The mental or emotional developmental leaps we see are things like separation anxiety, fear of the dark, or jealousy of a new sibling. Children often begin preschool or daycare around 12 months as Mum returns to work and this tends to coincide with a natural peak in separation anxiety. Combine this with ‘mummy guilt’ around going back to work and you have a recipe for sleep regression. Again, be respectful of your child’s emotions: they miss you and want to be around you, so where possible try to give them your focused attention before bedtime so they don’t feel you’re too busy for them. Some of my clients will shower or have a bath with their toddler, give them a massage, and have quiet time before bed. Try to get into the psyche of your mini toddler  try creating a positive photo book about bedtime with pictures of mum and toddler together, or little rewards like stamps and stickers followed by praise for settling nicely.

Fear of the dark usually emerges around two years old and the simple solution is a dim night light in their bedroom. Stay away from blue and white light and try to buy red- or orange-coloured lights as these wavelengths of colour interfere least with melatonin (the sleep hormone) production at night.

Jealousy can emerge when a sibling has arrived and mum is busy with a newborn baby.

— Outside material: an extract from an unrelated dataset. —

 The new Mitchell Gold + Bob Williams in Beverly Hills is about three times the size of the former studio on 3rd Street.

This can result in playing up at bedtime, as your mini toddler learns quickly that even growling is attention, and this is what they are craving.

Again, try to get quality one-on-one time happening where possible: try reading stories while you breastfeed the newborn, and stagger bed times so your toddler gets that quiet five to 10 minutes with just you. 

Bedtime routine

At this age, lots of one- to two-year-olds are still having a breastfeed or bottle before bed, but we try to make a clear disassociation between milk and sleep. Brushing their teeth is a great way to do this. Aim to have a nice early dinner as over-tired toddlers do not eat well, and picky eating is often a sign your meals are too late in the day.

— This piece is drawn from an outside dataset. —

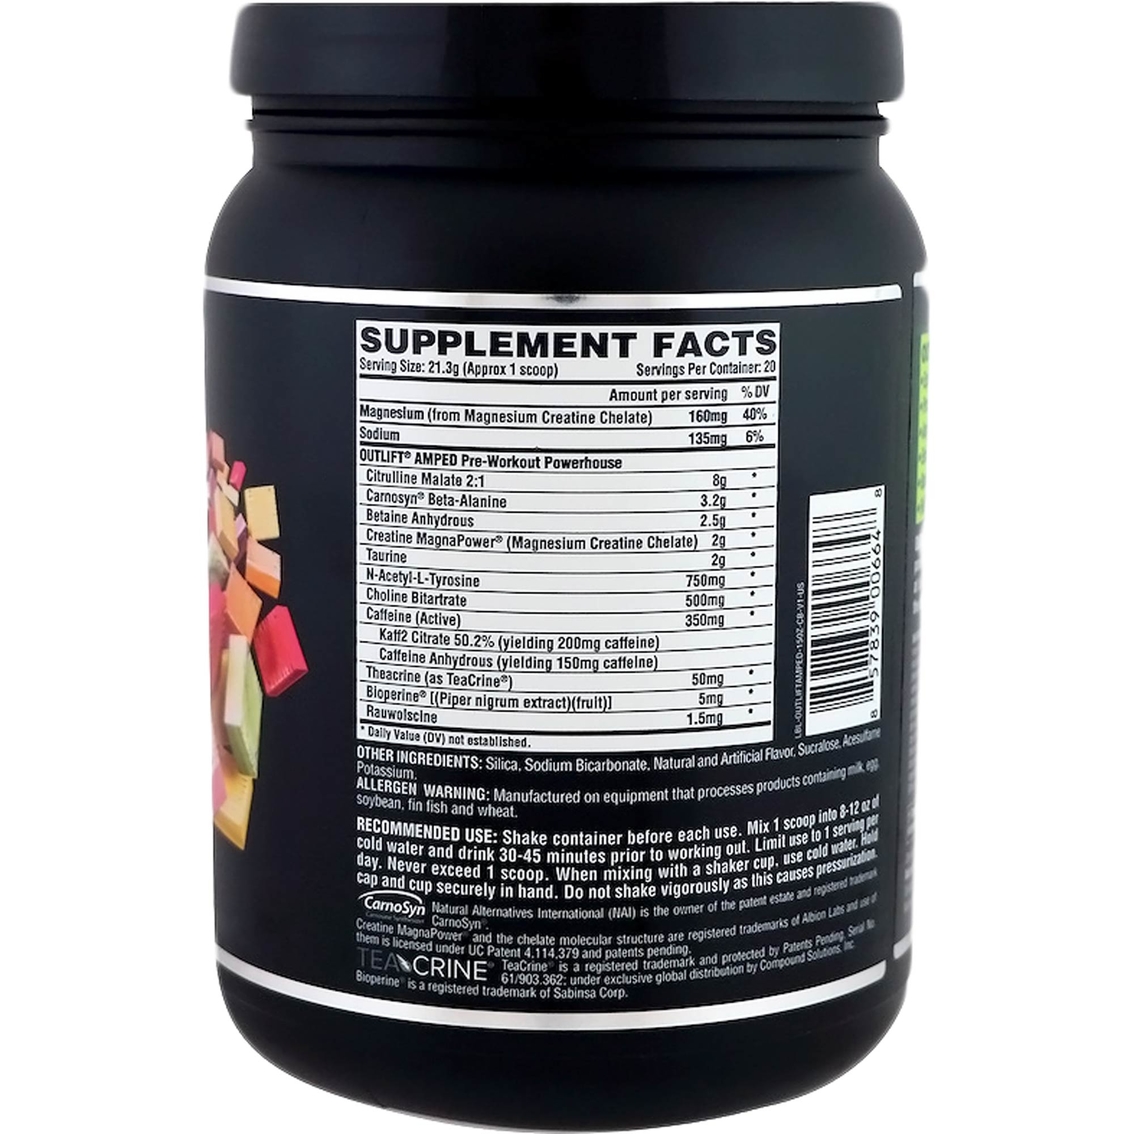 Nutrex Outlift Pre-Workout Supplement, 10 Servings - Image 2 of 2

For a simple consistent bedtime routine try:

  • 5-5.30pm: dinner
  • 5.30-6pm: bath or shower
  • 6pm: quiet time with Mum or Dad (stories, puzzles or drawing)
  • 6.30pm: milk
  • 6.45pm: brush teeth
  • 7pm: into bed for the night

Other common problems at this age include:

Nap refusal
Try not to drop to one nap until 15-18 months. Reducing daytime sleep too soon results in early wake-ups and night sleep problems. If your toddler is refusing their second nap but takes their first nap, they are not ready for one nap. Shorten your first nap until the second nap re-consolidates. Refusing the first nap for two weeks is a clear sign your mini toddler is ready for just one nap a day.

Early wake-ups
This often relates to dropping to one nap too soon. Sleep debt between 6am-1pm builds and this encourages the body to wake earlier and earlier. Work on resettling until 6.30/7am and make sure your child is asleep 4-5 hours after their nap ends.

Getting out of the big bed
Try not to make the transition from cot to big bed prematurely. If your mini toddler is not climbing out of the cot consistently and a sibling is on the way, consider buying another cot! Most 1-2 year olds don’t understand the concept of ‘stay in bed’ and getting up becomes a game very quickly.